The official, written council “management response” disappointed and infuriated members of the audit committee last month, but senior officers told them they were committed to adopting the recommendations and would give “regular, periodic confidential briefings” to the chair, vice chair and an independent member.

Rees said: “We said we accept the recommendations in the report and have put them in a timeline to delivery.

“One of the problems the report does not address is the fact that many of these governance issues were built into the very birth of this company, in that you have a local authority, with a commitment to transparency, launching an energy company in a volatile market where transparency over decision-making within that company would leave it at a disadvantage with its competitors. There’s an inherent tension in that.

Hopkins accused Rees of “covering up” the Bristol Energy fiasco. Photo: Bristol Energy

Rees added: “It was the wrong market to put a local authority into. There was a lot of group think, there was a lot of optimism about this is going to be the pathway to solving fuel poverty within the city…about this is going to be a revenue raiser for the local authority.

“But the truth of it is there’s an inherent risk in it, and Bristol City Council was signed up to participate in a very volatile, high-risk market, and it was the wrong market for the council to be put into.

“If we’re going to do the city a real service here…we really need to look at the full history of this company and begin to recognise that the biggest error made was actually putting Bristol City Council into the energy business in the first place.

“Let’s all stand up and take responsibility for the decisions we all made in the course of this company’s existence.

“I would absolutely welcome that, and that’s why we have called for a public interest review because we will then have that full history of the company and everyone who made decisions in the course of this company’s existence put in the public domain.”

Hopkins said: “It’s an absolute minimum that we actually accept what our independent auditors say but we must do more.

“It doesn’t solve all our problems but it does move us forward a little way and it hopefully reduces the chances of this happening again.

“A year ago we actually pressed for a full inquiry into Bristol Energy and it was voted down. I’m glad that Labour councillors are now agreeing that we need to move forward, but they bear responsibility because we actually started off in this with rose-tinted glasses from the previous mayor and for this mayor in the early stages, it then went into panic and indecision, and it finally finished up with cover-up.

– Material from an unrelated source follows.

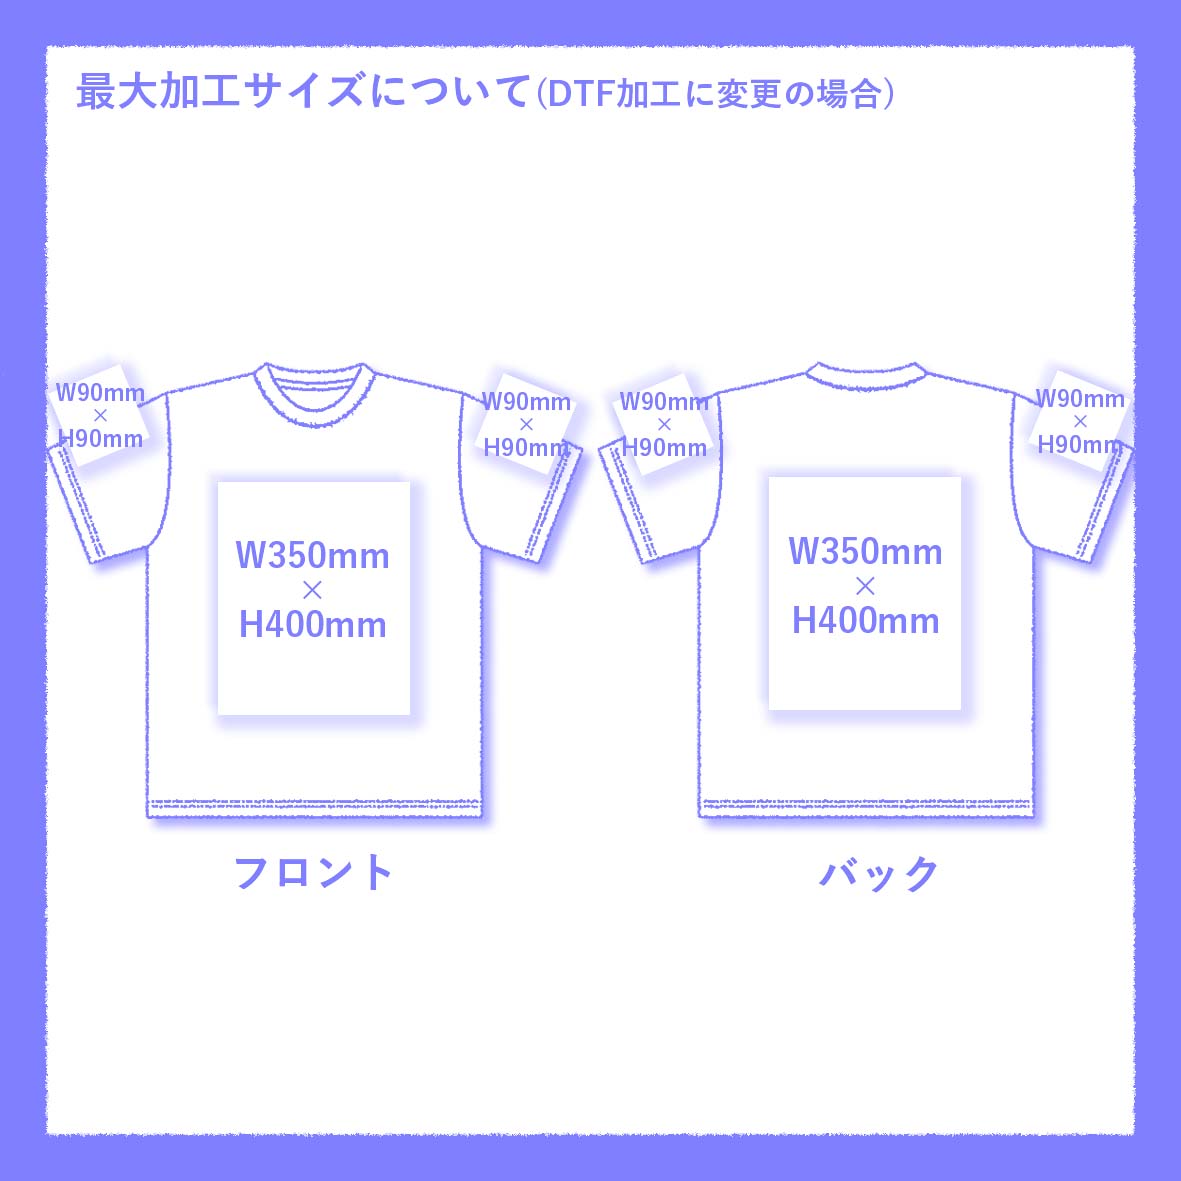 GILDAN ギルダン 4.5 oz ジャパンフィット ソフトスタイル リングスパンTシャツ (品番63000)

“I’ve heard lots of encouraging words from members from all sides. I still do not hear the mayor accepting responsibility and committing to work with others to make certain that this sort of thing doesn’t happen again.”

The new rulings hope to ensure another “Bristol Energy fiasco” never happens. Photo: Bristol Energy

Green councillor Jerome Thomas said: “I, with a small number of other councillors, have been warning from the cabinet meeting in 2015, when Bristol Energy was set up, about the overoptimism of the business plan, the structure and oversight of the business, the company’s inappropriate levels of secrecy.

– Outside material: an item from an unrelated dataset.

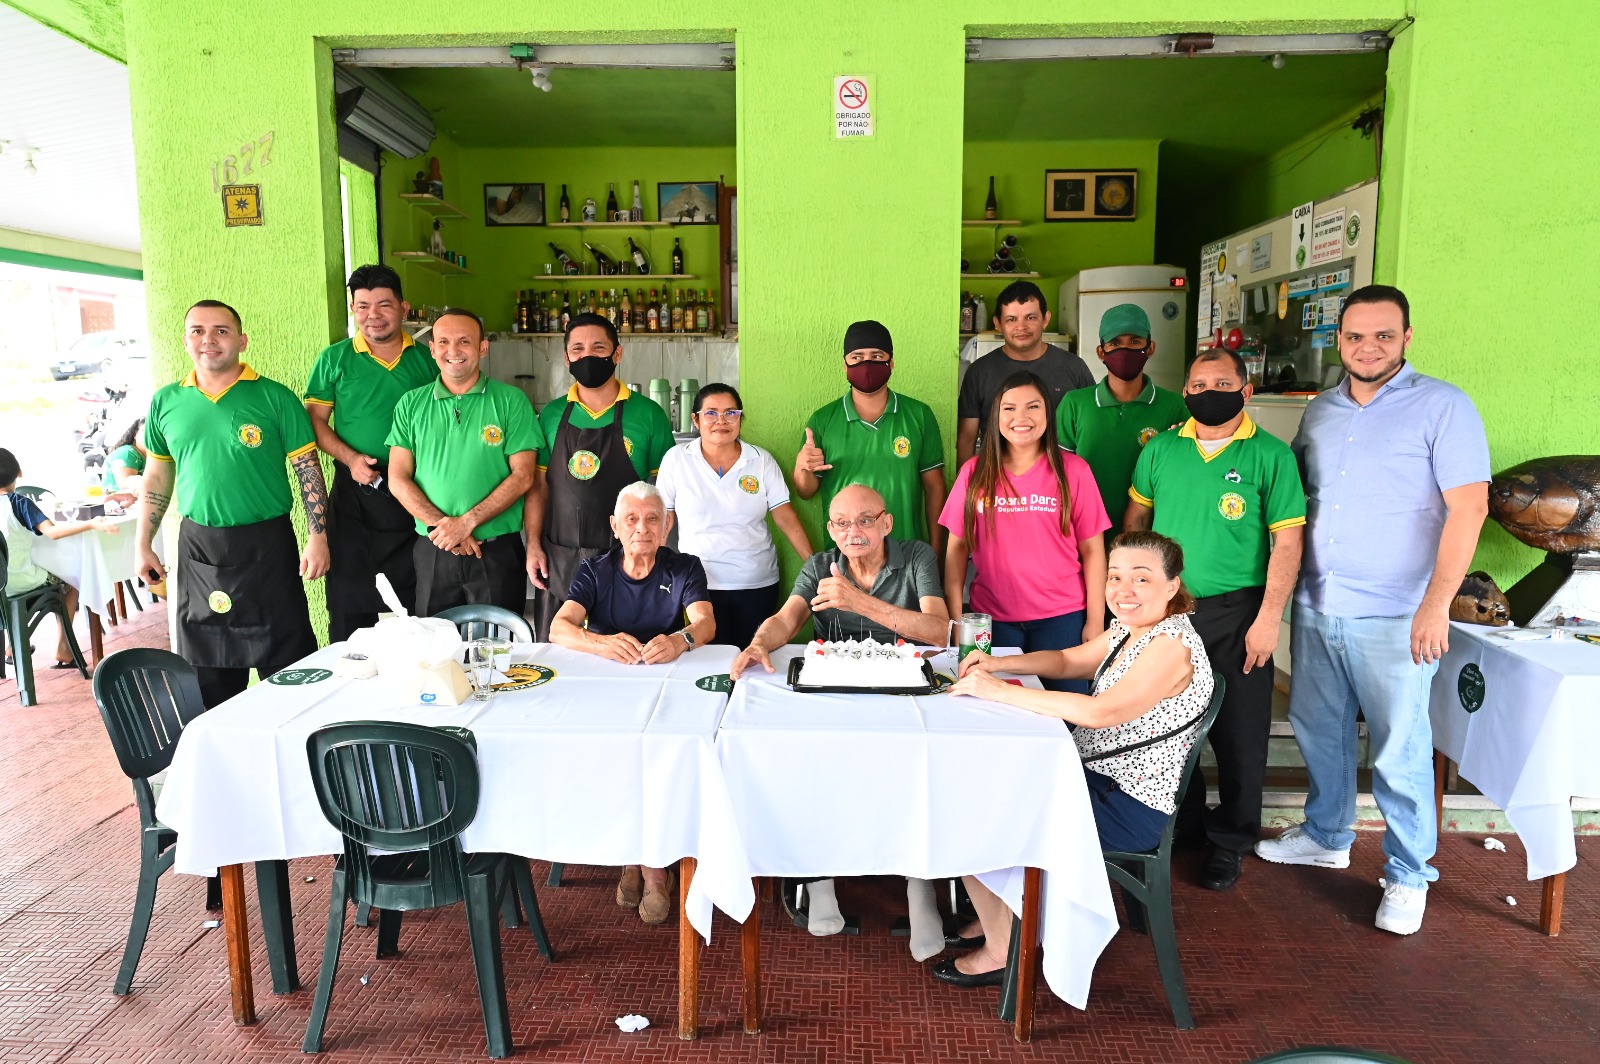 Deputada Joana Darc homenageia restaurante Canto da Peixada que ha 50 anos gera emprego em Manaus e difunde a culinaria amazonense

“This motion is a helpful and important step in improving the culture of Bristol City Council so that these sorts of mistakes can be avoided in the future.”

Tory group leader Mark Weston said: “We can all play a blame game another night as far as I’m concerned.

“The problem we’ve got is if we don’t learn the lessons of this, we will be doomed to repeat them, because we have similar ventures, with similar transparency issues, with also large amounts of money.”

The mayor and  57 of 67 councillors voted at last night’s extraordinary full council meeting, with four apologies.
There are three vacant seats after the departures of Harriet Bradley and Paul Smith from Labour’s ranks and the resignation of Green councillor Clive Stevens.

Amanda Cameron is a local democracy reporter for Bristol.